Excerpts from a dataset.
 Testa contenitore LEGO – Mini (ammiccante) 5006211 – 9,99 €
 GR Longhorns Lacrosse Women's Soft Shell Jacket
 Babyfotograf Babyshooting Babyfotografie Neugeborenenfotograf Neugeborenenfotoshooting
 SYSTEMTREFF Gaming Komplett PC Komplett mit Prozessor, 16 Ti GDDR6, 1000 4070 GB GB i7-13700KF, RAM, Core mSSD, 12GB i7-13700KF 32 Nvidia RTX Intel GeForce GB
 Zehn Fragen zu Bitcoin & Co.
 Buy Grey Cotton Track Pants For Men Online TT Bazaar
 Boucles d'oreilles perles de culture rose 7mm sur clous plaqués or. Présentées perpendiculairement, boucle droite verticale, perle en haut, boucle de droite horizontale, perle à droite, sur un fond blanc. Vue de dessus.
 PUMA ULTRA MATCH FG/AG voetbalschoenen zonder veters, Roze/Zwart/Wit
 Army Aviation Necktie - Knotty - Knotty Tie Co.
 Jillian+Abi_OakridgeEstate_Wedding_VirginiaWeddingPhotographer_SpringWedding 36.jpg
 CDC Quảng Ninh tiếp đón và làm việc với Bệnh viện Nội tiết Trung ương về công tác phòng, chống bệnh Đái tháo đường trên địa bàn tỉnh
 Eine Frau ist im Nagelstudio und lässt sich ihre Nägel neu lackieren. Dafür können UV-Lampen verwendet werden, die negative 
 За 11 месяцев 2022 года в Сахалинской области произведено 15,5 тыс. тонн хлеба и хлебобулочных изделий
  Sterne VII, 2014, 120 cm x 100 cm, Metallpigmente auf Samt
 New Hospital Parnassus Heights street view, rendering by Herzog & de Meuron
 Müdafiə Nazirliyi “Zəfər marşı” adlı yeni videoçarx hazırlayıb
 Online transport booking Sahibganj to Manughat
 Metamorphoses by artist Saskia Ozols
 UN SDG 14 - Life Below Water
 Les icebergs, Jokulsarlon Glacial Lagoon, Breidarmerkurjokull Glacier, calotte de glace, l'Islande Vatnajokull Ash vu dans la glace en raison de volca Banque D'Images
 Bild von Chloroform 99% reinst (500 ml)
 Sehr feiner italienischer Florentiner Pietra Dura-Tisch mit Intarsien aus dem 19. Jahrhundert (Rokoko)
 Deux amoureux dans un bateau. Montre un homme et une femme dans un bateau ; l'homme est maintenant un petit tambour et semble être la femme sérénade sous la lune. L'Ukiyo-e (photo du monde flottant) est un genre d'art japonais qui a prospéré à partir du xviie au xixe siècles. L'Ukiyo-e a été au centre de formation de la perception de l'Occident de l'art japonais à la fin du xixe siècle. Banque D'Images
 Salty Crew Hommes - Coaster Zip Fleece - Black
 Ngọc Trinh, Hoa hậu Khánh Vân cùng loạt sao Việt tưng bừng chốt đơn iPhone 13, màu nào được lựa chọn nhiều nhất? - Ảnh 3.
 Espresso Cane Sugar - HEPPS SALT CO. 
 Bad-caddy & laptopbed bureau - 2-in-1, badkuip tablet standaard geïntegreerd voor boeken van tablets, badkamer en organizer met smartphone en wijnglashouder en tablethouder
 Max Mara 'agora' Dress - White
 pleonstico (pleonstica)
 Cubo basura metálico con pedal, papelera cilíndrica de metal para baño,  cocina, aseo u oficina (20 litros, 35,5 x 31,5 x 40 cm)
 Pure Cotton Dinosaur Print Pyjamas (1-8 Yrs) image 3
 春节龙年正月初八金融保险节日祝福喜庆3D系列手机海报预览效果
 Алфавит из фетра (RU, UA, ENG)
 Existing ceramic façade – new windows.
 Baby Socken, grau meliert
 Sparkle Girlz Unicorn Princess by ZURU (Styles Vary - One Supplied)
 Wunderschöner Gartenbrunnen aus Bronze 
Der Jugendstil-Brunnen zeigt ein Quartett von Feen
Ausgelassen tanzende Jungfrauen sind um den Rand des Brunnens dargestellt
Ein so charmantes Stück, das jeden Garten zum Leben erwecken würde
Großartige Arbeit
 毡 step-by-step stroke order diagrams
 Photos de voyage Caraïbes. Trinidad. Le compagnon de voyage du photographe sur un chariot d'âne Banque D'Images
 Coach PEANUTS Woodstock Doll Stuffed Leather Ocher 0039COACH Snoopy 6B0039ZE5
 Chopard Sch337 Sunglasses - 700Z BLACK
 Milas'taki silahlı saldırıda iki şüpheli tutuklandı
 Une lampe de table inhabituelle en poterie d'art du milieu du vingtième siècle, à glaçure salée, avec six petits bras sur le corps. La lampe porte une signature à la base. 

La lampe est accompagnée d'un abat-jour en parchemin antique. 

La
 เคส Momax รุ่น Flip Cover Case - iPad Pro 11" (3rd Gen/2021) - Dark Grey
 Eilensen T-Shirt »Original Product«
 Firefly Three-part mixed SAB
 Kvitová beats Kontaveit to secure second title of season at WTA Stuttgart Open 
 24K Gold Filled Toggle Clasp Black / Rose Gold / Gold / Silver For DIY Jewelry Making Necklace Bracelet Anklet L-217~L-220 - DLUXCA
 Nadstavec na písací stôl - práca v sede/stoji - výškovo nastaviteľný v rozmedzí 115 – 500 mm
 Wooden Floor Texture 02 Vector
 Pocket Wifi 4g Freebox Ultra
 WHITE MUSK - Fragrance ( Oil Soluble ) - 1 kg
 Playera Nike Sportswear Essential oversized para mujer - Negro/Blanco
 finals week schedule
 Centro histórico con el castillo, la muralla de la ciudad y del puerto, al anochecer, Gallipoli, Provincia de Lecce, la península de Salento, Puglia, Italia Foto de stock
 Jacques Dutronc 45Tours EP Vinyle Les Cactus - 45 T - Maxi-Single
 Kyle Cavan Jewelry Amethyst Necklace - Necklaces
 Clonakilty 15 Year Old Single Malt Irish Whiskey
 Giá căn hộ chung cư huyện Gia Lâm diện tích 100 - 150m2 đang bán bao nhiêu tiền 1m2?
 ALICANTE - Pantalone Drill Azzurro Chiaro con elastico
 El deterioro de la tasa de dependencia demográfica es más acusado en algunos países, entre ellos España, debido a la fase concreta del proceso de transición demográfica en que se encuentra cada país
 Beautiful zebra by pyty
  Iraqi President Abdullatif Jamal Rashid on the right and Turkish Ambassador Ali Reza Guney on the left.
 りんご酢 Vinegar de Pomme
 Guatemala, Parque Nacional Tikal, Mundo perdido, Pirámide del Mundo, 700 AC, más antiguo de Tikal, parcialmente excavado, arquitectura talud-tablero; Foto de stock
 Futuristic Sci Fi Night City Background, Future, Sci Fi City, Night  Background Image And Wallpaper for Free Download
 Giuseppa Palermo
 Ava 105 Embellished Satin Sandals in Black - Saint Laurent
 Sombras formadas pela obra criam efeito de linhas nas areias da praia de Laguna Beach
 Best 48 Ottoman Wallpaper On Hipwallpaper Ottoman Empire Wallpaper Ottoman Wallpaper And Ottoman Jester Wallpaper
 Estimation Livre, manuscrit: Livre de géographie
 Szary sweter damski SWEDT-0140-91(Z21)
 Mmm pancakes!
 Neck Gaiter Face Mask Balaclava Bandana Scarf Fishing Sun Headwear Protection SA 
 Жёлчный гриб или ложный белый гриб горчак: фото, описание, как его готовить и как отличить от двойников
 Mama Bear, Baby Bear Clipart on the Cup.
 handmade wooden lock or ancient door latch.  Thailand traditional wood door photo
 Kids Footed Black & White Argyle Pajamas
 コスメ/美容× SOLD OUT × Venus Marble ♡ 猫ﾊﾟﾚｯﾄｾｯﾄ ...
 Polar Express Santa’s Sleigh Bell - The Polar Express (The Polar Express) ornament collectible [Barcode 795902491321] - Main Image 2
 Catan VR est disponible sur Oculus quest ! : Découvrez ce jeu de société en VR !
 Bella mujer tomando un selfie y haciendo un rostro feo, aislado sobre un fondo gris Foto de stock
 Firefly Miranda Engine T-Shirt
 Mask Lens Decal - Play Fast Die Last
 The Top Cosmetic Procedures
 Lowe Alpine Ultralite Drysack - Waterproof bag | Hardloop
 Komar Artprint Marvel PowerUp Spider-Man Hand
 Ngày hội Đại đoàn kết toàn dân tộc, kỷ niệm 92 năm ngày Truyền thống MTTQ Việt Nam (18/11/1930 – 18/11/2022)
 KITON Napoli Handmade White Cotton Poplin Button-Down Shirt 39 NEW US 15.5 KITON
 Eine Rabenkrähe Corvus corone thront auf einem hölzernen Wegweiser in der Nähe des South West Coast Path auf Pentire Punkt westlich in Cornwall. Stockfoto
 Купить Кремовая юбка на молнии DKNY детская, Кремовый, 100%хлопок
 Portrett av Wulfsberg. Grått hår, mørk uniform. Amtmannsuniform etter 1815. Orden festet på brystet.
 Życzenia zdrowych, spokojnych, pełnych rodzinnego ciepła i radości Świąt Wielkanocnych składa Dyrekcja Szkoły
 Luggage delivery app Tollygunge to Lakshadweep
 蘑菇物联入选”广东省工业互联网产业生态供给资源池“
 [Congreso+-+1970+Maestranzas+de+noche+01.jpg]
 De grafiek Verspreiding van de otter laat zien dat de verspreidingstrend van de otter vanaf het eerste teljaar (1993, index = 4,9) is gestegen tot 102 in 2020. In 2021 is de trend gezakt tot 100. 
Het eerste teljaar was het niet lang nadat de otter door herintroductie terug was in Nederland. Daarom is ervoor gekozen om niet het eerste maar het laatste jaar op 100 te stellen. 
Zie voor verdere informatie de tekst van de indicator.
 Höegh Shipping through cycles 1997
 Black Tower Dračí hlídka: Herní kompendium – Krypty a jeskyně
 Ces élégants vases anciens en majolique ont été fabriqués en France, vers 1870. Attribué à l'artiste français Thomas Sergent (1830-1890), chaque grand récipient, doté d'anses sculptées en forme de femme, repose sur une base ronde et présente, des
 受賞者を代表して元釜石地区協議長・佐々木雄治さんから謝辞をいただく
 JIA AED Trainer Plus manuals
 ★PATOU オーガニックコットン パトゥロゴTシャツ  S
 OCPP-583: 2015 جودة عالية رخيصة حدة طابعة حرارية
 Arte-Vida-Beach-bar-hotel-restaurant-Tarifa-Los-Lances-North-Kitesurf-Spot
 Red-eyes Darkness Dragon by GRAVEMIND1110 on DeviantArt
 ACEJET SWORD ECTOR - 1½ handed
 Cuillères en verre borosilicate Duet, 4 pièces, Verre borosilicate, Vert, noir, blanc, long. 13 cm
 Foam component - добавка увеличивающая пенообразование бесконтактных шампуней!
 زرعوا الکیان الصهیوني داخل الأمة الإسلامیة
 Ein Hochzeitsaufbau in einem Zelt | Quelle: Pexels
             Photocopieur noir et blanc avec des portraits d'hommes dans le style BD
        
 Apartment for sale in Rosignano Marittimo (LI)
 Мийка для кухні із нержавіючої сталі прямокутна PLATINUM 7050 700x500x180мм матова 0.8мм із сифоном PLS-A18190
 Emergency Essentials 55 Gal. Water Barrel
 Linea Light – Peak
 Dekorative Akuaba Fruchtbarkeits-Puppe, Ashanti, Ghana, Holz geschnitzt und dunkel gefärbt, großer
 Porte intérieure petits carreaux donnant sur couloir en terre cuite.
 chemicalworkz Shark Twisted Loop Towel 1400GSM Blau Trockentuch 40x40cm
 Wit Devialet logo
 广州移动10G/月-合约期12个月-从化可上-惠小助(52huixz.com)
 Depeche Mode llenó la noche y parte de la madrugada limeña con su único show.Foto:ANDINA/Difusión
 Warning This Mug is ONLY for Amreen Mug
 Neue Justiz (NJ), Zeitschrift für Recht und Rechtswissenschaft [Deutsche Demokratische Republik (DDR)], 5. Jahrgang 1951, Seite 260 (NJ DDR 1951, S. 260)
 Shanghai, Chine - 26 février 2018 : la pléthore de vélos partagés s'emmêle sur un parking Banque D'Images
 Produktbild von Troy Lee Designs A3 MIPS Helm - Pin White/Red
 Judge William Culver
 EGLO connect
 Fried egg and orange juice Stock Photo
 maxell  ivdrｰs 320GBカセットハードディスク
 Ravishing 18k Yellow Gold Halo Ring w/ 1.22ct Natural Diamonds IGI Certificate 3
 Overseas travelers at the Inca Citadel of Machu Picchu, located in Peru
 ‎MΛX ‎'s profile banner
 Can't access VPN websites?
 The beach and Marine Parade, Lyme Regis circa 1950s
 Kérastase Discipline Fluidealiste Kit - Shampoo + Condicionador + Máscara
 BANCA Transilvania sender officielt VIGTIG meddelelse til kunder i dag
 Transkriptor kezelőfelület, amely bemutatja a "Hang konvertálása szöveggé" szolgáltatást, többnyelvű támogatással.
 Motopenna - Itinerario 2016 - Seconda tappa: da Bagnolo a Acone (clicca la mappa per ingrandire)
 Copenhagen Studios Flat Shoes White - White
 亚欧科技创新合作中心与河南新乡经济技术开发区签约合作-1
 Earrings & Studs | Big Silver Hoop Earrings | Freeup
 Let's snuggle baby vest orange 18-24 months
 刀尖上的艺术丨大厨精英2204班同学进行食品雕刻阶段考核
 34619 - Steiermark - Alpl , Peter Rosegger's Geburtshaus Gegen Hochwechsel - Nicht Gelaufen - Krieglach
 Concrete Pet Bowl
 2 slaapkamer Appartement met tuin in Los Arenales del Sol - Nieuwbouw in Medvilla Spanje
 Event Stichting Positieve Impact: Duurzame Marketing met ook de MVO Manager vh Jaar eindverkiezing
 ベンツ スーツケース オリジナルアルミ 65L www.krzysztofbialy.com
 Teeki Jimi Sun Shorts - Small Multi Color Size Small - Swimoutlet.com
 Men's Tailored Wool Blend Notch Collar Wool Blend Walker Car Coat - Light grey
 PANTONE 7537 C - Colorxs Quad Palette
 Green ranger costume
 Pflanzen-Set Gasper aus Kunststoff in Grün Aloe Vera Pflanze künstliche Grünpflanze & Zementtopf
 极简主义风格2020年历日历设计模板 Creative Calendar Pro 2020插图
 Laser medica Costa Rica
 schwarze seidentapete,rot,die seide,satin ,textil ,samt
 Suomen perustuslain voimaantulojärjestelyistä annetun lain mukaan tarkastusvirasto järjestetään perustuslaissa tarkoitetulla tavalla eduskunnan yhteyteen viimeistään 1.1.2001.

Assignment.
Please return a copy of each line in the entries that has the string "Wallpaper".

Your response.
 Futuristic Sci Fi Night City Background, Future, Sci Fi City, Night  Background Image And Wallpaper for Free Download
 Best 48 Ottoman Wallpaper On Hipwallpaper Ottoman Empire Wallpaper Ottoman Wallpaper And Ottoman Jester Wallpaper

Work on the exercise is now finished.